The Travels of Robert Longmoor 1773-1810

An artistic rendition of Robert Longmoor

An artistic rendition of Robert Longmoor

Robert Longmoor was a long-serving employee of the Hudson’s Bay Company (HBC), active from approximately 1770 until his retirement in 1810. Though not one of the Company’s most prominent officers, his career reflects the life of many rank-and-file servants who helped sustain the fur trade during a critical period of expansion inland. Longmoor likely entered HBC service from Scotland, and he is first noted in Company records around 1770, a time when the HBC was transitioning from its older model of trading exclusively at the Bay posts to building inland posts and by the 1790s, Longmoor was considered a veteran HBC servant. He continued to serve in the Saskatchewan district and there is no detailed account survives of his final years, but he appears to have spent nearly three decades in the service of the HBC.

Longmoor represents the men who made the Hudson’s Bay Company function. His life was one of endurance, adaptation, and long service in a demanding and often perilous trade. Existing records document his extensive service for the Hudson’s Bay Company from 1771 through at least 1810 but remain silent on his death. Drawing on Manitoba biographical sources – they offer a fuller arc to his life.
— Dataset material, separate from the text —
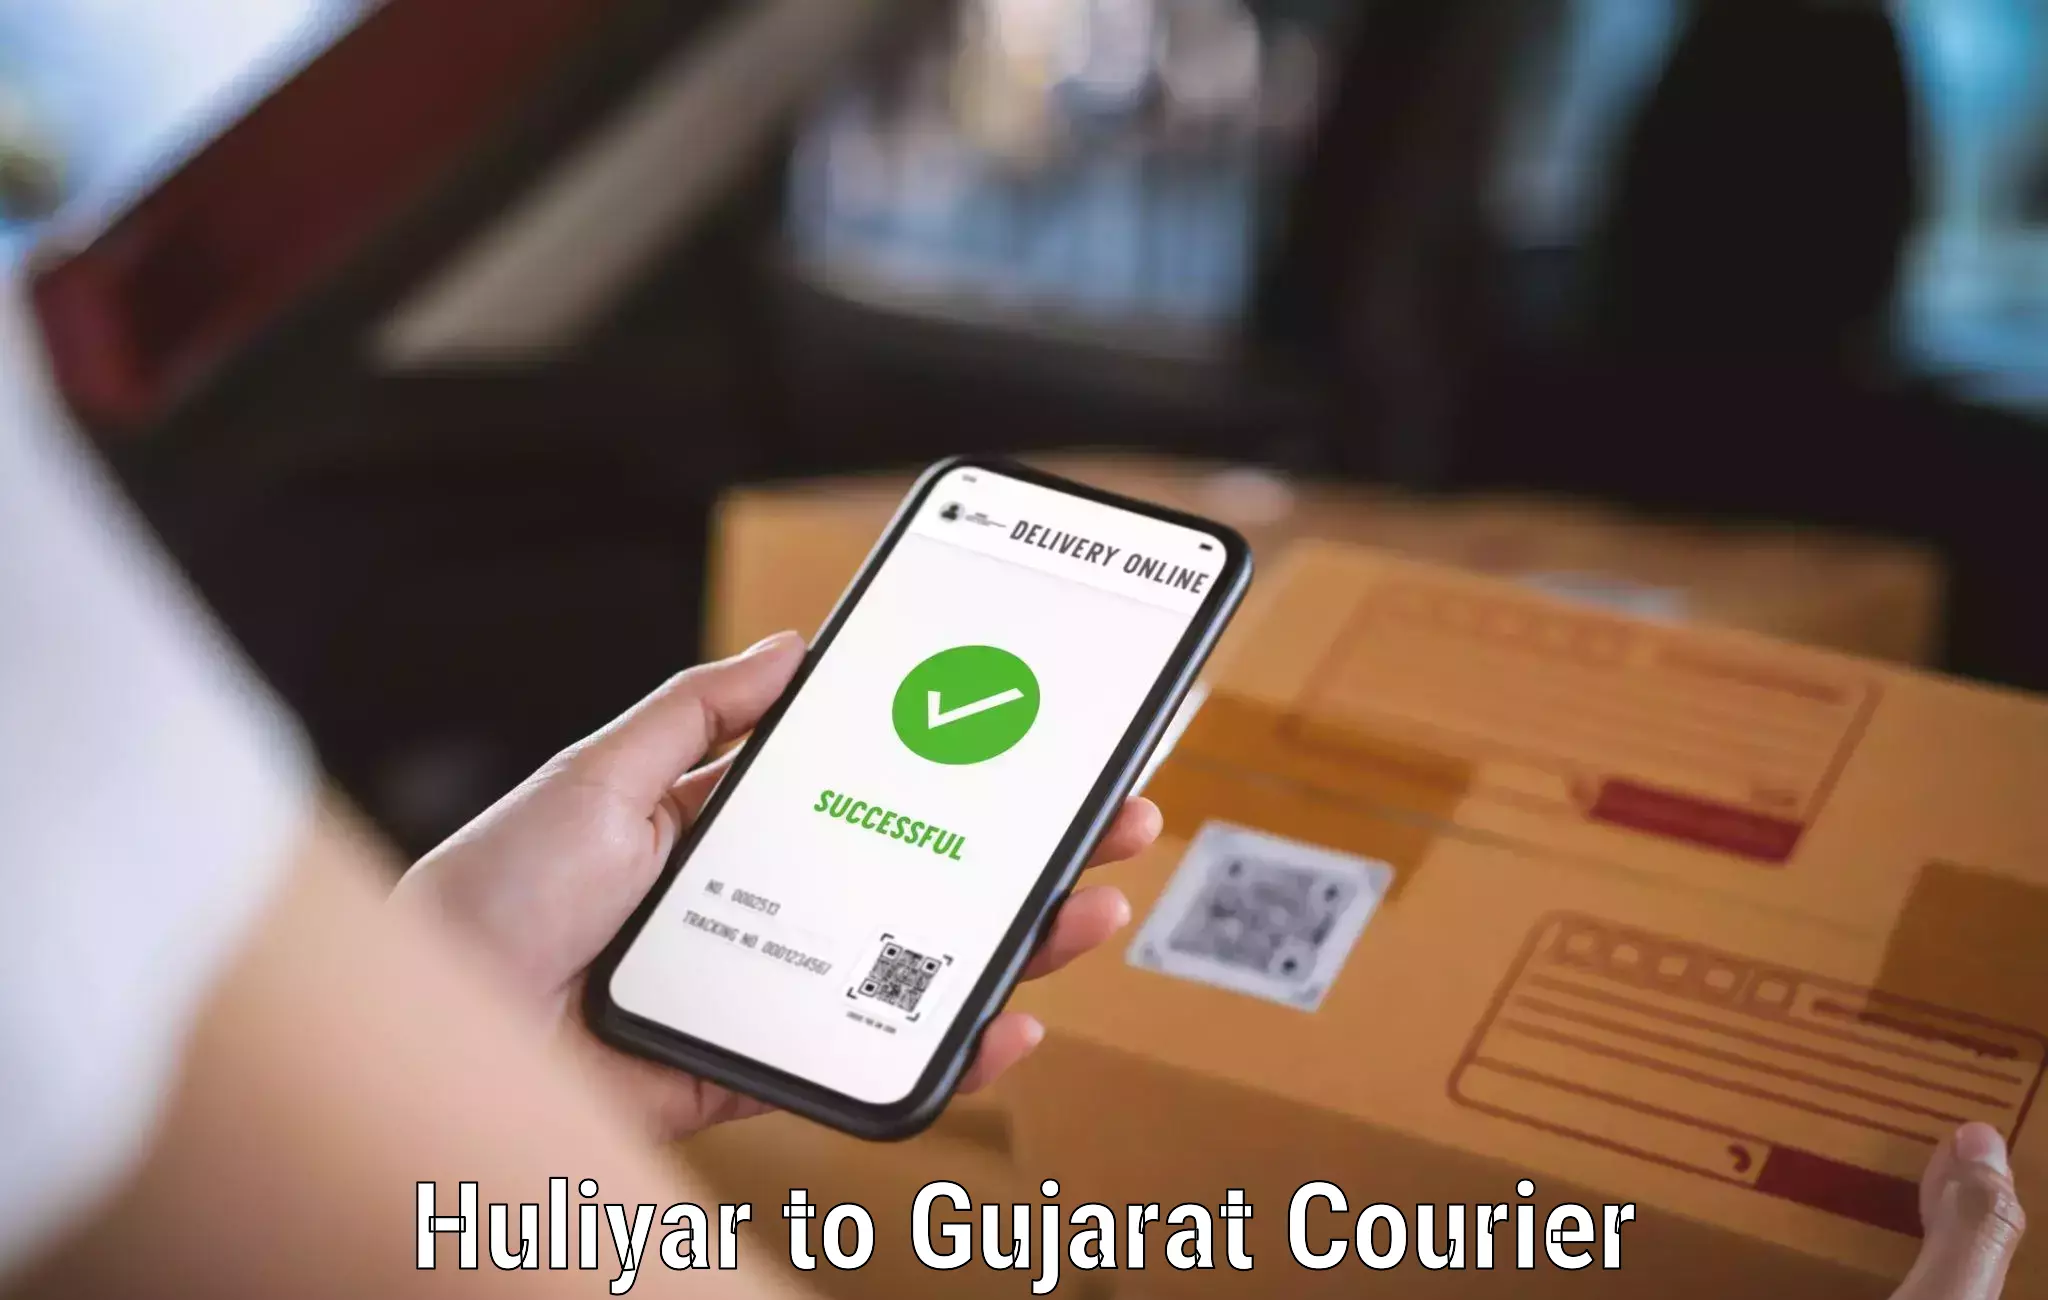 Courier service comparison Huliyar to Porbandar

It states that Longmoor served in several leadership roles: second-in-command at Churchill (1787–1792), became superintendent at York (1793), and later acted as master of the Swan River District. He retired in 1810 and subsequently died on his farm near Montreal presumably sometime later, but the exact year remains unknown.

Datasets for Robert Longmoor’s travels are currently being researched from unpublished journals and other records. The linear data that is being created contain the fields that includes Year, Route, Leg, Departed, Arrived, Origin, and Destination.